Give back exactly the lines of the material below, starting with the line with "House for sale" and going on through the line with "Main Image - John".

#### [INPUT RECORDS]
•••

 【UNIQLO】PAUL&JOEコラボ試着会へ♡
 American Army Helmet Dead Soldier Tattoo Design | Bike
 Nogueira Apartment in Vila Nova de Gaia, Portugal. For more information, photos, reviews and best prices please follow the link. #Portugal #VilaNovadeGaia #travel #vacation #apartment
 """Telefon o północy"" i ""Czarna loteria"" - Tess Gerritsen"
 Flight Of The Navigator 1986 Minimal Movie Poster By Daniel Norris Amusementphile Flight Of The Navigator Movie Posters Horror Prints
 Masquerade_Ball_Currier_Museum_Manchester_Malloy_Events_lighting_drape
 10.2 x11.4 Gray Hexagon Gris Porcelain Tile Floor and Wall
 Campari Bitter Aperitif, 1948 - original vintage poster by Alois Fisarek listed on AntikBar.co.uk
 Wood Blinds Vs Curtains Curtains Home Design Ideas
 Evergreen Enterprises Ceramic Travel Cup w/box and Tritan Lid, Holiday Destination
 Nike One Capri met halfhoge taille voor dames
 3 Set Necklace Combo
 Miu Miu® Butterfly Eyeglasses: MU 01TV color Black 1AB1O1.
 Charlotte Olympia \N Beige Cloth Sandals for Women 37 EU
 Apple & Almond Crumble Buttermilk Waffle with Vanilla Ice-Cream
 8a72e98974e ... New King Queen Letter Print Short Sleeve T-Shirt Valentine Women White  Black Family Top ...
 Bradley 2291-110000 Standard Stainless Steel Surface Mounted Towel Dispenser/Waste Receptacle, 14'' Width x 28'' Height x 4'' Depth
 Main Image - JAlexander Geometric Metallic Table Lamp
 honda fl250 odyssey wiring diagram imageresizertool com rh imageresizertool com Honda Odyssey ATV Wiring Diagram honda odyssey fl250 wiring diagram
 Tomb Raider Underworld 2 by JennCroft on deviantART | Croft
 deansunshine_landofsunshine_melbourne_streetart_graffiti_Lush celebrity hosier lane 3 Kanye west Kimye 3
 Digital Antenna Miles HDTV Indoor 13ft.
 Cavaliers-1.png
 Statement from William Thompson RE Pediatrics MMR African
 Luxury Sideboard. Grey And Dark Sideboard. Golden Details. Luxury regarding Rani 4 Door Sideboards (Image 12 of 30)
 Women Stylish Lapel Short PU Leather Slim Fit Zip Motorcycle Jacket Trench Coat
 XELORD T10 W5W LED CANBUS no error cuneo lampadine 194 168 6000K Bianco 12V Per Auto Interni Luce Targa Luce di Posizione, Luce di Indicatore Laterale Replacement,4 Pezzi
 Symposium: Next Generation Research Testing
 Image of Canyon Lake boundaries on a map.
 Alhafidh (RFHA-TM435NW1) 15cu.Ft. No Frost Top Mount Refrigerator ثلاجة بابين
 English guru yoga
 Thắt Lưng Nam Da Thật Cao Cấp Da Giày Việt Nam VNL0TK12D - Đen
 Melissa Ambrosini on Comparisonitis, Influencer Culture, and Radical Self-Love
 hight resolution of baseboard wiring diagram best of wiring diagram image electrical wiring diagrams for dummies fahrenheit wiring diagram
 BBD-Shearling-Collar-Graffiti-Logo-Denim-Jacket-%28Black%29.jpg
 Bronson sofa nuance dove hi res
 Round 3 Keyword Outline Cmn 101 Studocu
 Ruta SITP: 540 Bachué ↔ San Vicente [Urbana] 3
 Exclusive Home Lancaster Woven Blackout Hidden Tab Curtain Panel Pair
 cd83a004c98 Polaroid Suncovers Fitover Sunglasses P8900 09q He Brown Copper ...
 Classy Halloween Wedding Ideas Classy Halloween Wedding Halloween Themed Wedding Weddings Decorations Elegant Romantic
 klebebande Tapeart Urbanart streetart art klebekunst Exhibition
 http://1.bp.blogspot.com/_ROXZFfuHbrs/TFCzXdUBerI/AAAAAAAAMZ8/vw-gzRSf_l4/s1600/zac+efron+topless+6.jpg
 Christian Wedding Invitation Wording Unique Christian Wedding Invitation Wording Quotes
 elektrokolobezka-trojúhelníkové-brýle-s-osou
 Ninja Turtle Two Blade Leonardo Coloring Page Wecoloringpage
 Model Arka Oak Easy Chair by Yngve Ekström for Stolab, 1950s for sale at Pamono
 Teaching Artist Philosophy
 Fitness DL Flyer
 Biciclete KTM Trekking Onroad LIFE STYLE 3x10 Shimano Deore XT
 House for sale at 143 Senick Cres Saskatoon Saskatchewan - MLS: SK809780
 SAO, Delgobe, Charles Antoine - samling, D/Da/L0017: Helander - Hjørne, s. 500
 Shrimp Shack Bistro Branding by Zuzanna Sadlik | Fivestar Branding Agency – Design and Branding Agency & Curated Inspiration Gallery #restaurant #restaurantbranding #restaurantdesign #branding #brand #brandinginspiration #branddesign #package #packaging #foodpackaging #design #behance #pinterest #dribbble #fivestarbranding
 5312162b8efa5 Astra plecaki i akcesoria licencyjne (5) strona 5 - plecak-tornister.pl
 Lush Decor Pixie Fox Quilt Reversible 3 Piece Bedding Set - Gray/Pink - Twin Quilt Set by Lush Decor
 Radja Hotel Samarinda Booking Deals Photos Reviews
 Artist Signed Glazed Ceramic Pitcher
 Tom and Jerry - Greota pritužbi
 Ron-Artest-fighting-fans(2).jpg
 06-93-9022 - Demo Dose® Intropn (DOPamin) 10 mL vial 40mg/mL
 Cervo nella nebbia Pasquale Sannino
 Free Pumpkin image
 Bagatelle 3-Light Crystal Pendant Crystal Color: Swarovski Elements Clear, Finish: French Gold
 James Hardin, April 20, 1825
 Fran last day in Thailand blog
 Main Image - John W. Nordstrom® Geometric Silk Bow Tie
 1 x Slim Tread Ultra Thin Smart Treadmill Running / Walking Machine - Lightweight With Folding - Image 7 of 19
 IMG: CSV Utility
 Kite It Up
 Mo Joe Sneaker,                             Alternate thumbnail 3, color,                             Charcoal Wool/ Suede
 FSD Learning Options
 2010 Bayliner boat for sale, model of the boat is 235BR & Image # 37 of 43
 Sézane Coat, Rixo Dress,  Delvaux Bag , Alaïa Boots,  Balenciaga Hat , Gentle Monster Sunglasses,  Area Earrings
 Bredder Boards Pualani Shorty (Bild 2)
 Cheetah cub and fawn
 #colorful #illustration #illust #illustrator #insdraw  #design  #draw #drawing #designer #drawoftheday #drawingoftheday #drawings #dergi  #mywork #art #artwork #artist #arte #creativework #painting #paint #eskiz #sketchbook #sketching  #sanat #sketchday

•••

#### [TASK RESPONSE]
 House for sale at 143 Senick Cres Saskatoon Saskatchewan - MLS: SK809780
 SAO, Delgobe, Charles Antoine - samling, D/Da/L0017: Helander - Hjørne, s. 500
 Shrimp Shack Bistro Branding by Zuzanna Sadlik | Fivestar Branding Agency – Design and Branding Agency & Curated Inspiration Gallery #restaurant #restaurantbranding #restaurantdesign #branding #brand #brandinginspiration #branddesign #package #packaging #foodpackaging #design #behance #pinterest #dribbble #fivestarbranding
 5312162b8efa5 Astra plecaki i akcesoria licencyjne (5) strona 5 - plecak-tornister.pl
 Lush Decor Pixie Fox Quilt Reversible 3 Piece Bedding Set - Gray/Pink - Twin Quilt Set by Lush Decor
 Radja Hotel Samarinda Booking Deals Photos Reviews
 Artist Signed Glazed Ceramic Pitcher
 Tom and Jerry - Greota pritužbi
 Ron-Artest-fighting-fans(2).jpg
 06-93-9022 - Demo Dose® Intropn (DOPamin) 10 mL vial 40mg/mL
 Cervo nella nebbia Pasquale Sannino
 Free Pumpkin image
 Bagatelle 3-Light Crystal Pendant Crystal Color: Swarovski Elements Clear, Finish: French Gold
 James Hardin, April 20, 1825
 Fran last day in Thailand blog
 Main Image - John W. Nordstrom® Geometric Silk Bow Tie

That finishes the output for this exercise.